§ To do:
A faithful transcript of all the lines below, with no pictures, is the goal here.

§ Information shown:
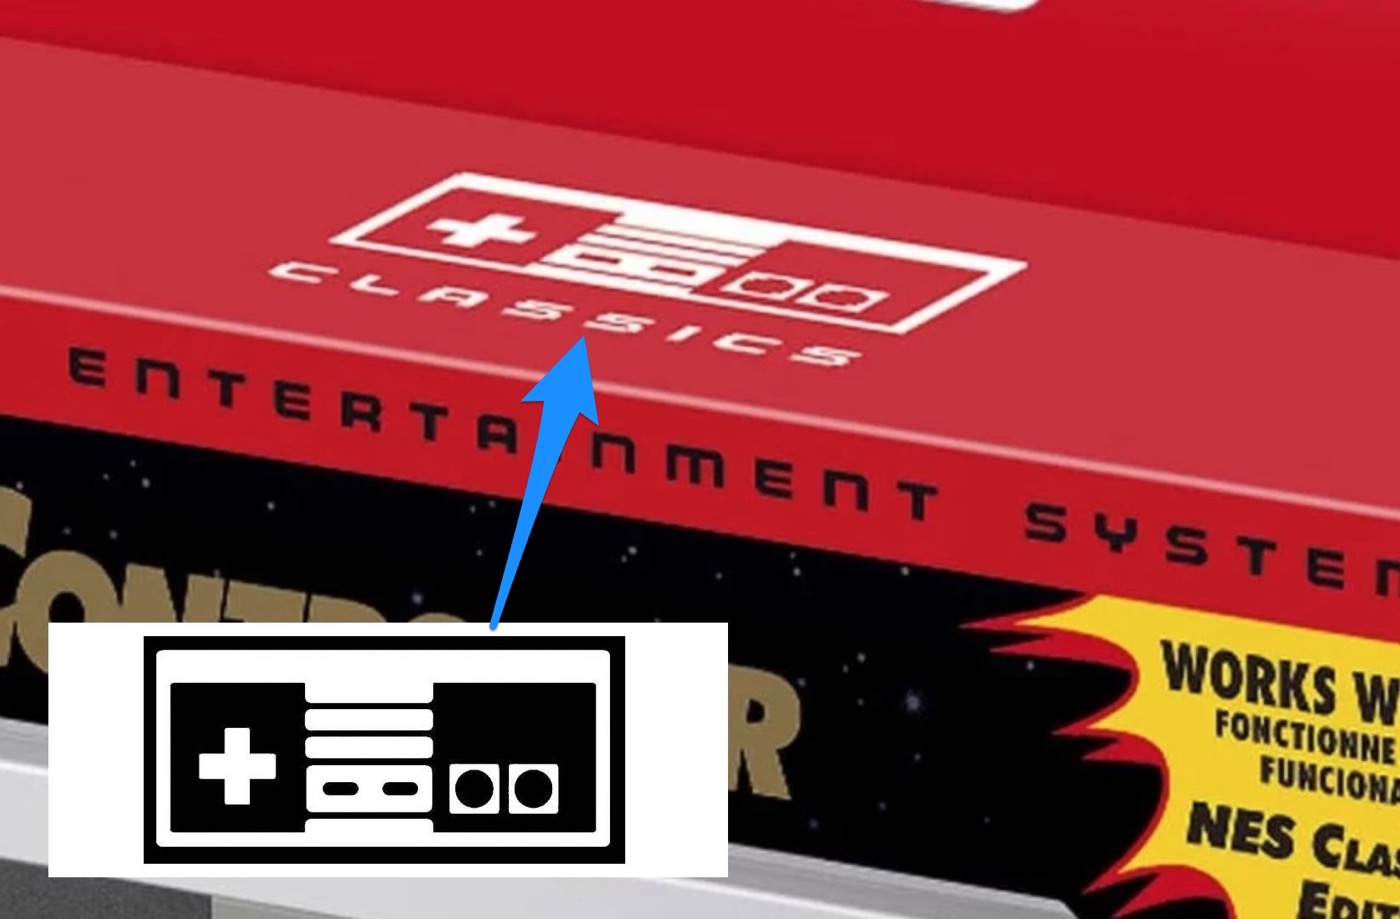 ミニ Nintendo64 の登場に一歩近づいた コントローラー画像の商標が正式に登録される 気になる 記になる
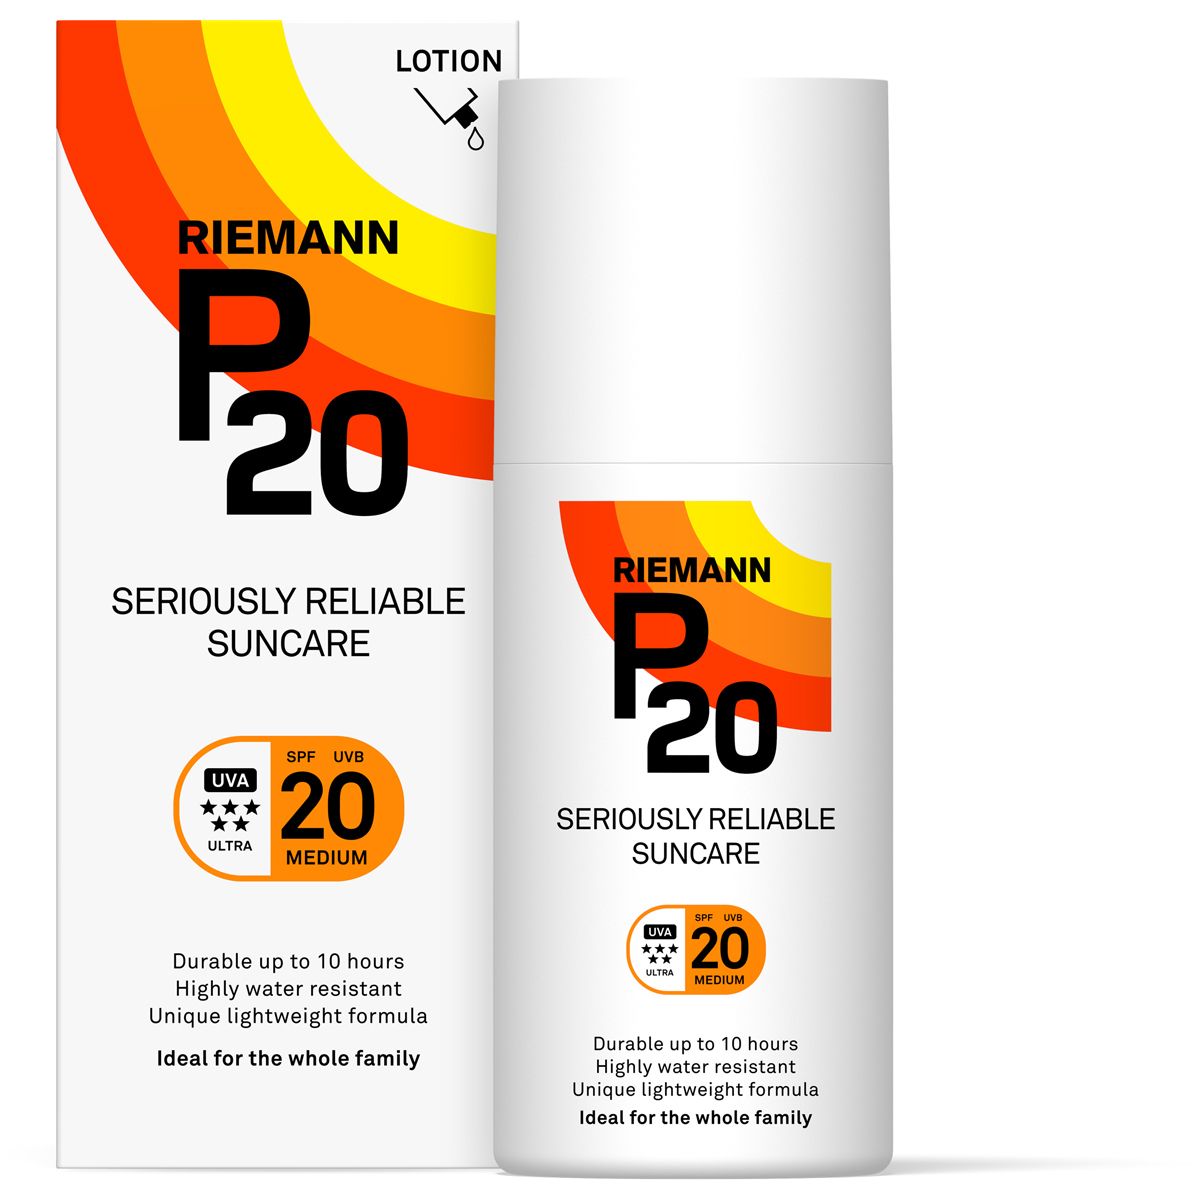 Køb Riemann P20 Lotion SPF 20 - ml - billigt hos med24.dk
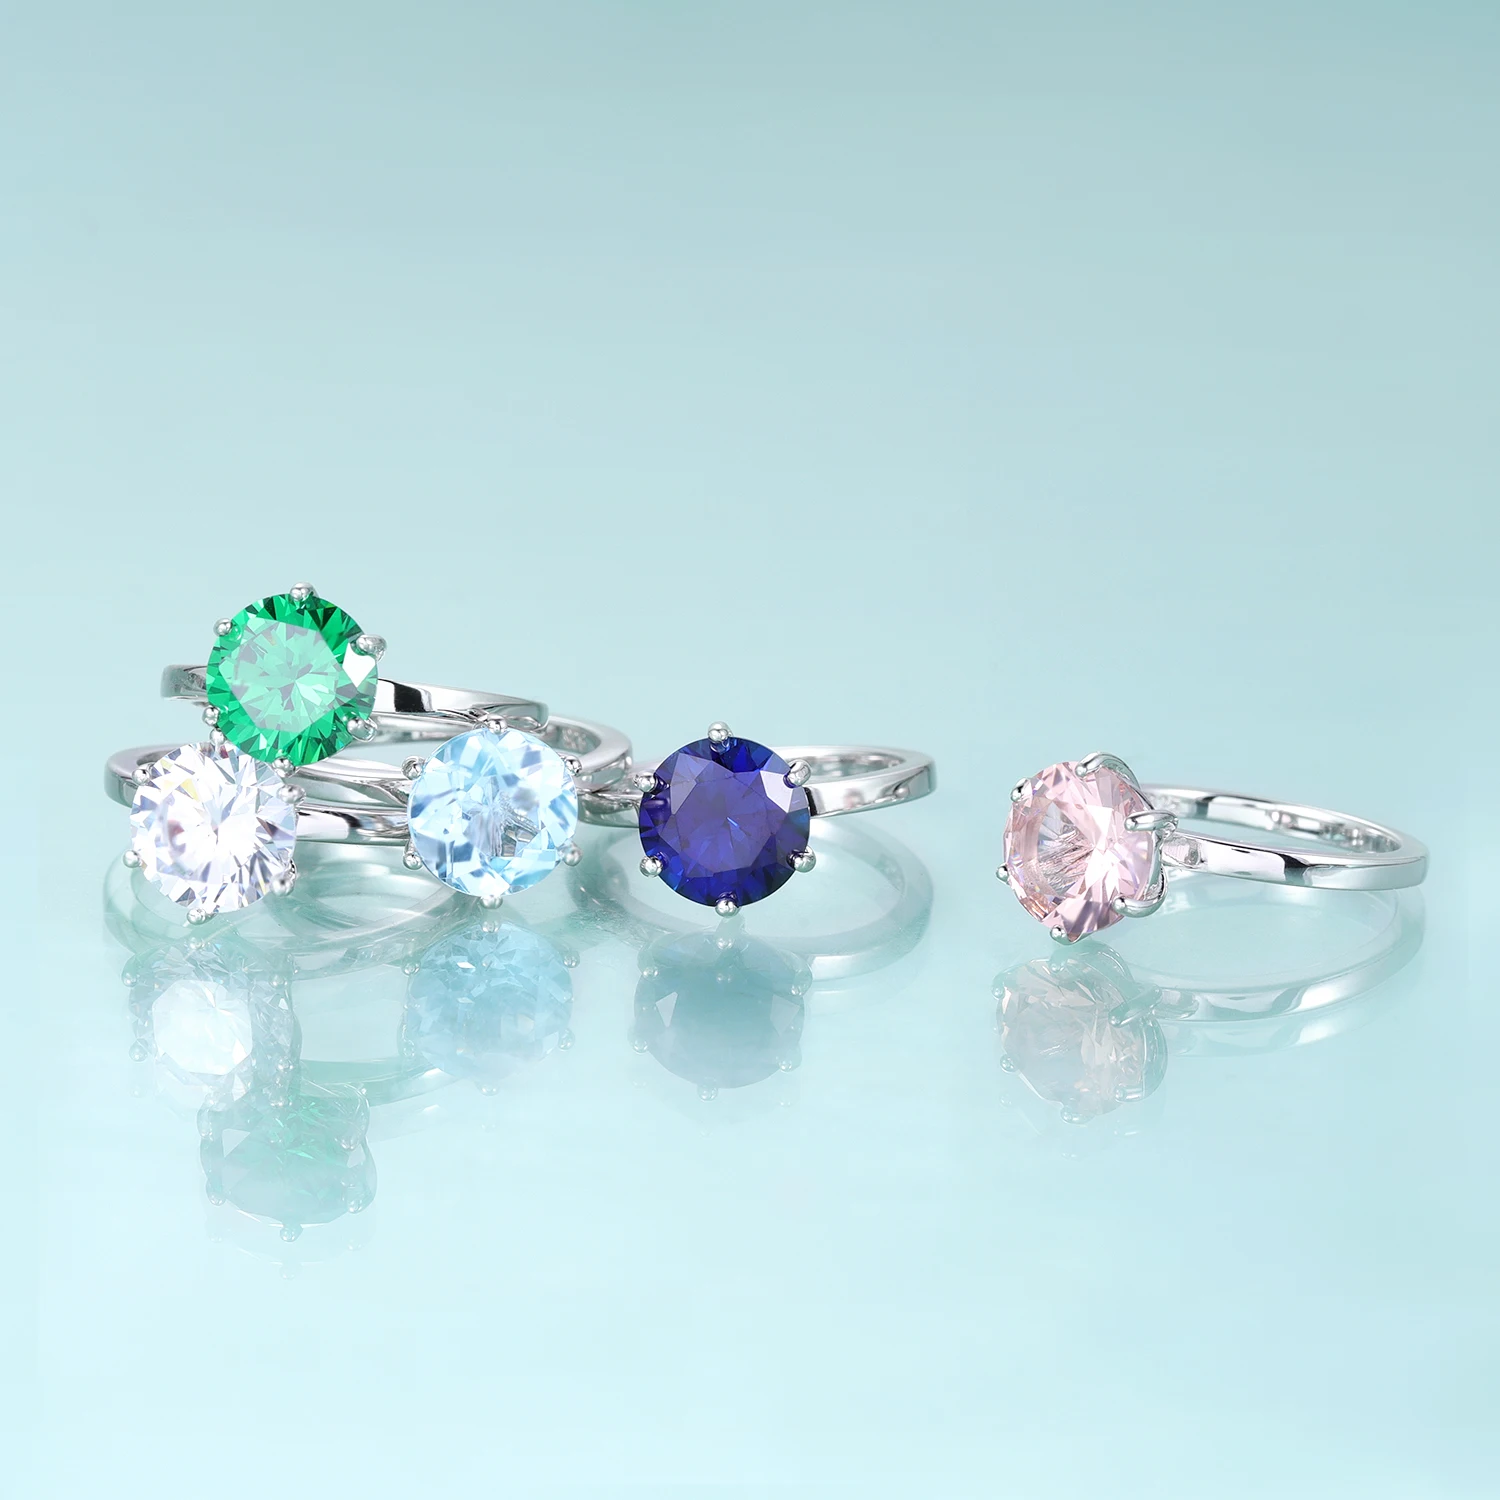 

Кольцо с камнем-талисманом GEM'S BEAUTY, классическое обручальное кольцо с круглым драгоценным камнем 8 мм, с шестью зубцами, стандартное серебряное кольцо, подарок для нее

§ Exercise response:
 ミニ Nintendo64 の登場に一歩近づいた コントローラー画像の商標が正式に登録される 気になる 記になる
 Køb Riemann P20 Lotion SPF 20 - ml - billigt hos med24.dk

Кольцо с камнем-талисманом GEM'S BEAUTY, классическое обручальное кольцо с круглым драгоценным камнем 8 мм, с шестью зубцами, стандартное серебряное кольцо, подарок для нее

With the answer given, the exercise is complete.